L’Étoile mystérieuse

L’illustrateur Georges Beuville est passé par Tintin en 1950. La Crypte Tonique édite et contextualise pour la première fois un récit qui en a influencé plus d’un.

En 1950, l’illustrateur Georges Beuville, mort en 1982, publiait 35 planches dans le Journal de Tintin. L’adaptation d’un roman d’aventures d’Eugène Sue, Le Morne-au-Diable, mettant en scène l’excentrique chevalier Polyphème de Croustillac en route vers les Antilles. Trente-cinq planches, mais pas une de plus: bien que sollicité par Hergé et toute l’équipe de Tintin  » béate d’admiration devant l’aisance et le chic qui vous permettent de réaliser des dessins aussi splendides », Beuville ne poursuivra pas l’expérience, échaudé par le malaise graphique que provoquent ses dessins nourris de peinture, pleins de hachures, de traits et de spontanéité au sein d’une rédaction qui a déjà fait de « la ligne claire » son standard et sa norme, même si ce goût du dessin plein, lent et fermé n’a pas encore de nom. Surnommé « La Palette » ou « L’étoile » par son statut de « Peintre de l’Air », un titre officiel qui lui permettait d’ajouter une étoile dans sa signature, Beuville s’en retourne aux dessins de presse et aux illustrations, et disparaît des radars BD. En apparence seulement. Car Beuville est un « artiste d’artistes » admiré de beaucoup et dont l’influence se fera sentir jusqu’à cette « nouvelle bande dessinée » incarnée par les Sfar et autres Blain qui semblent « faire du Beuville » avec 60 ans de retard! La preuve par cette formidable édition, et le fascicule qui l’accompagne.

L'Étoile mystérieuse

De Franquin à Blain

Parallèlement à l’édition extrêmement soignée des planches de Beuville, le magasin-magazine de Philippe Capart, spécialisé dans la narration par l’image, publie en effet un quatorzième numéro de La Crypte Tonique, L’Étoile vue(s) de Belgique, 20 pages encartées directement dans Le Morne-au-Diable (ou vendu séparément). Il y narre non seulement les circonstances et le contexte de l’arrivée de Georges Beuville dans Tintin, mais aussi l’incroyable bouche-à-oreille qui accompagne depuis l’artiste auprès de ses pairs: Hergé en est fan, René Follet a 19 ans lorsqu’il le lit, Franquin le fait découvrir à Bernard Hislaire, Alec Severin le montre à Sfar qui emporte des planches à son atelier (où se croisent Trondheim, David B., Emmanuel Guibert, Émile Bravo et Christophe Blain), et prévient son confrère:  » Ne t’affole pas, ça va être spolié, ça va bien servir!« . Même Cabu, interviewé par l’auteur-éditeur en 2012, lui confesse sa totale admiration pour Beuville:  » Sa sensibilité est extraordinaire, c’est comme si on sentait la légèreté de la plume! » Et de fait, on ne peut qu’être abasourdi par la beauté et la modernité graphique des cases du Morne-au-Diable, le secret jusqu’ici le mieux gardé du petit monde de la bande dessinée.

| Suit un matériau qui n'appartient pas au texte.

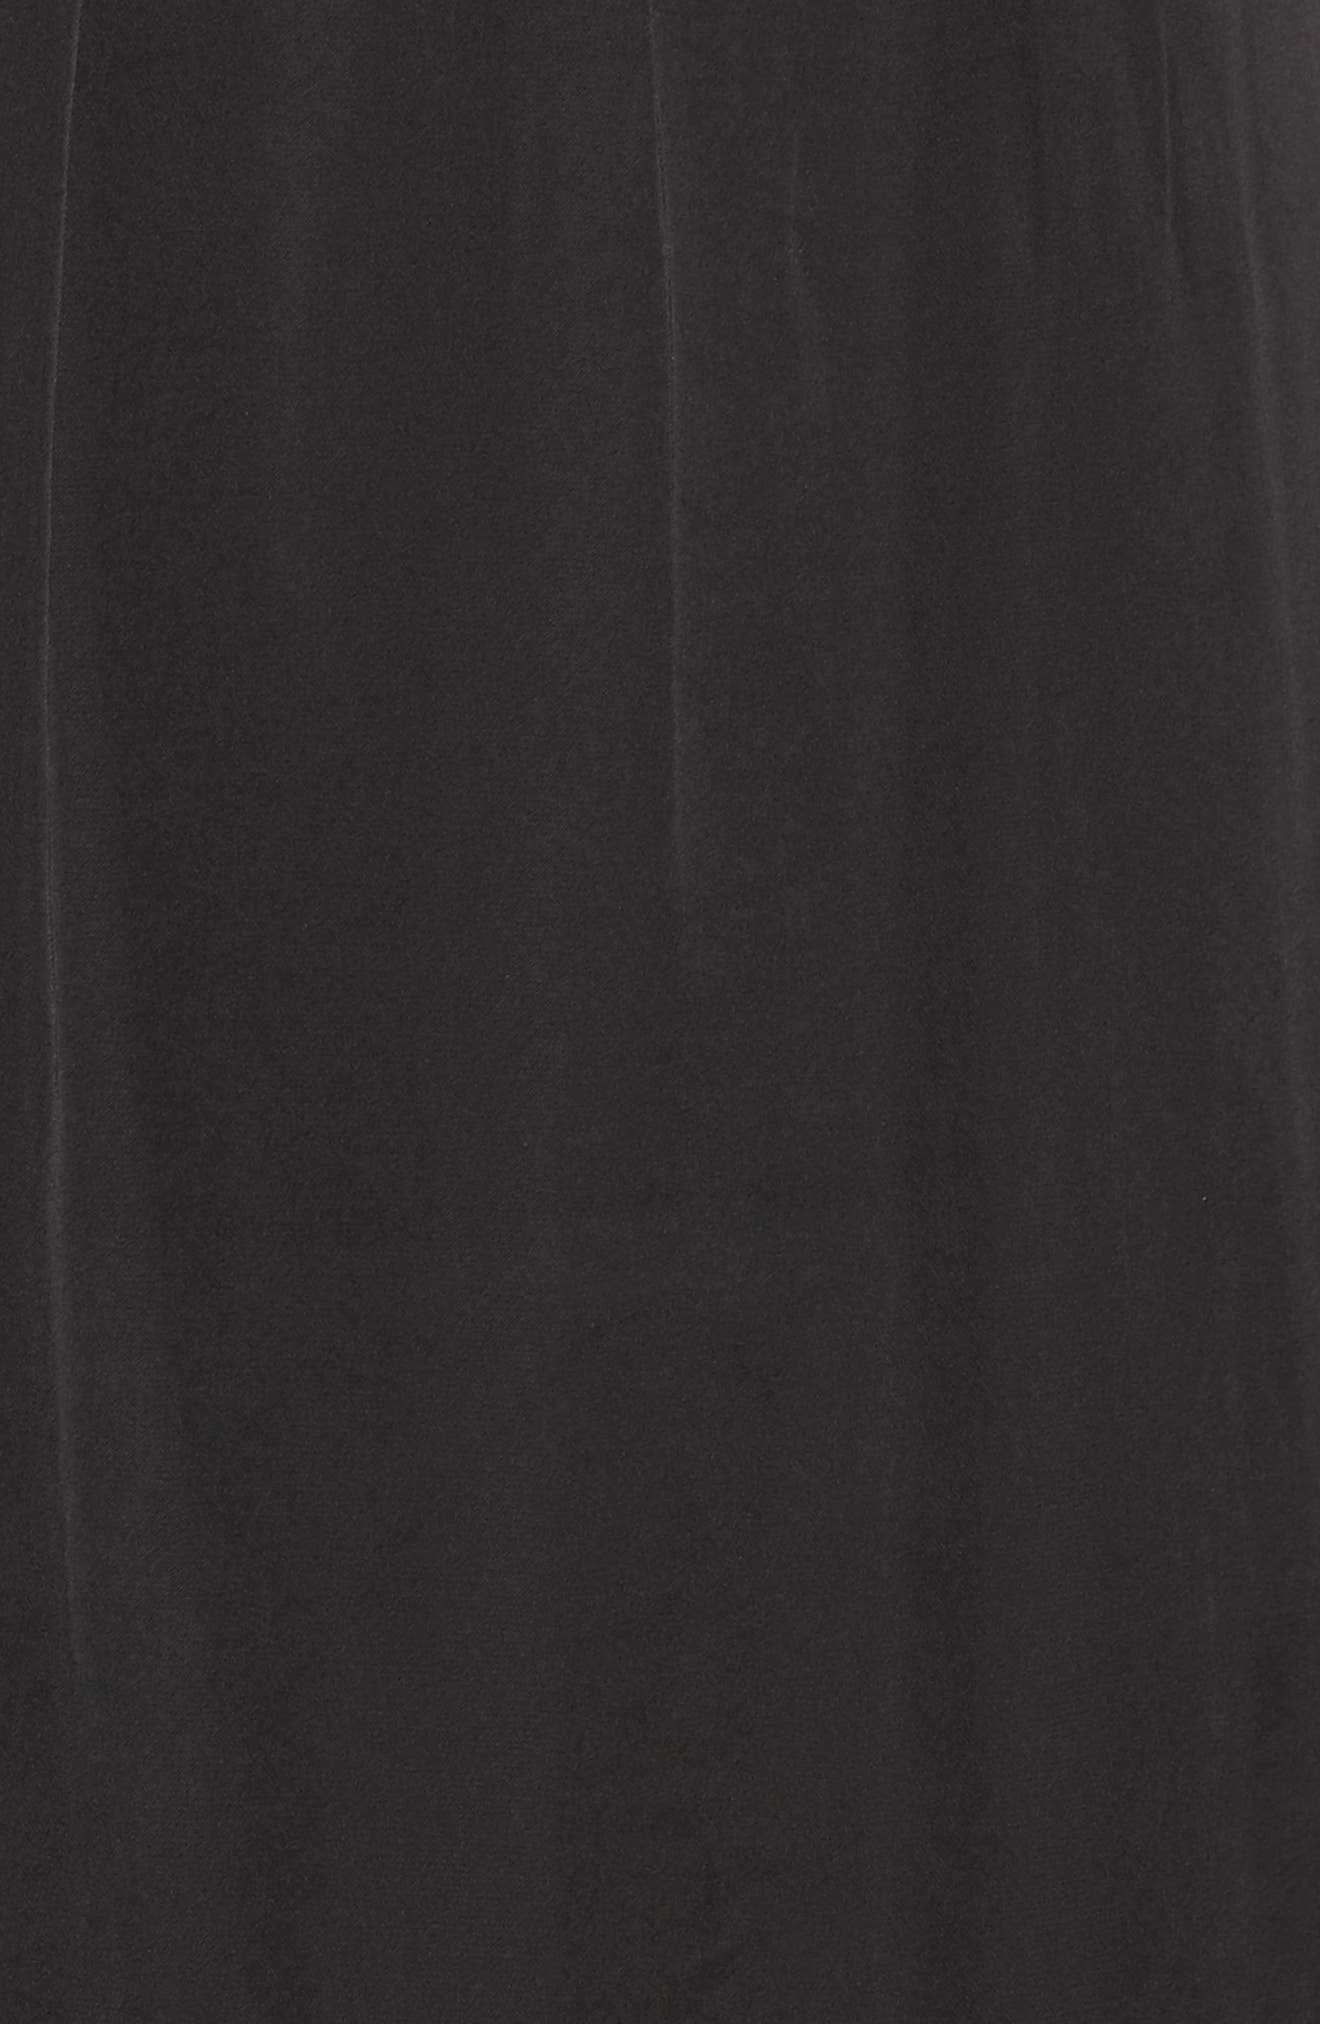 Split Sleeve Dress,                             Alternate thumbnail 5, color,                             Black

Une perle qui se mérite: l’ouvrage, tiré à 1 000 exemplaires, n’est disponible que dans deux librairies, La Crypte Tonique à Bruxelles et Petite Égypte à Paris, ou en ligne via le site de l’éditeur, décidément inspiré.

Le Morne-au-Diable

de Georges Beuville, d’après Eugène Sue, Éditions La Crypte Tonique, 82 pages.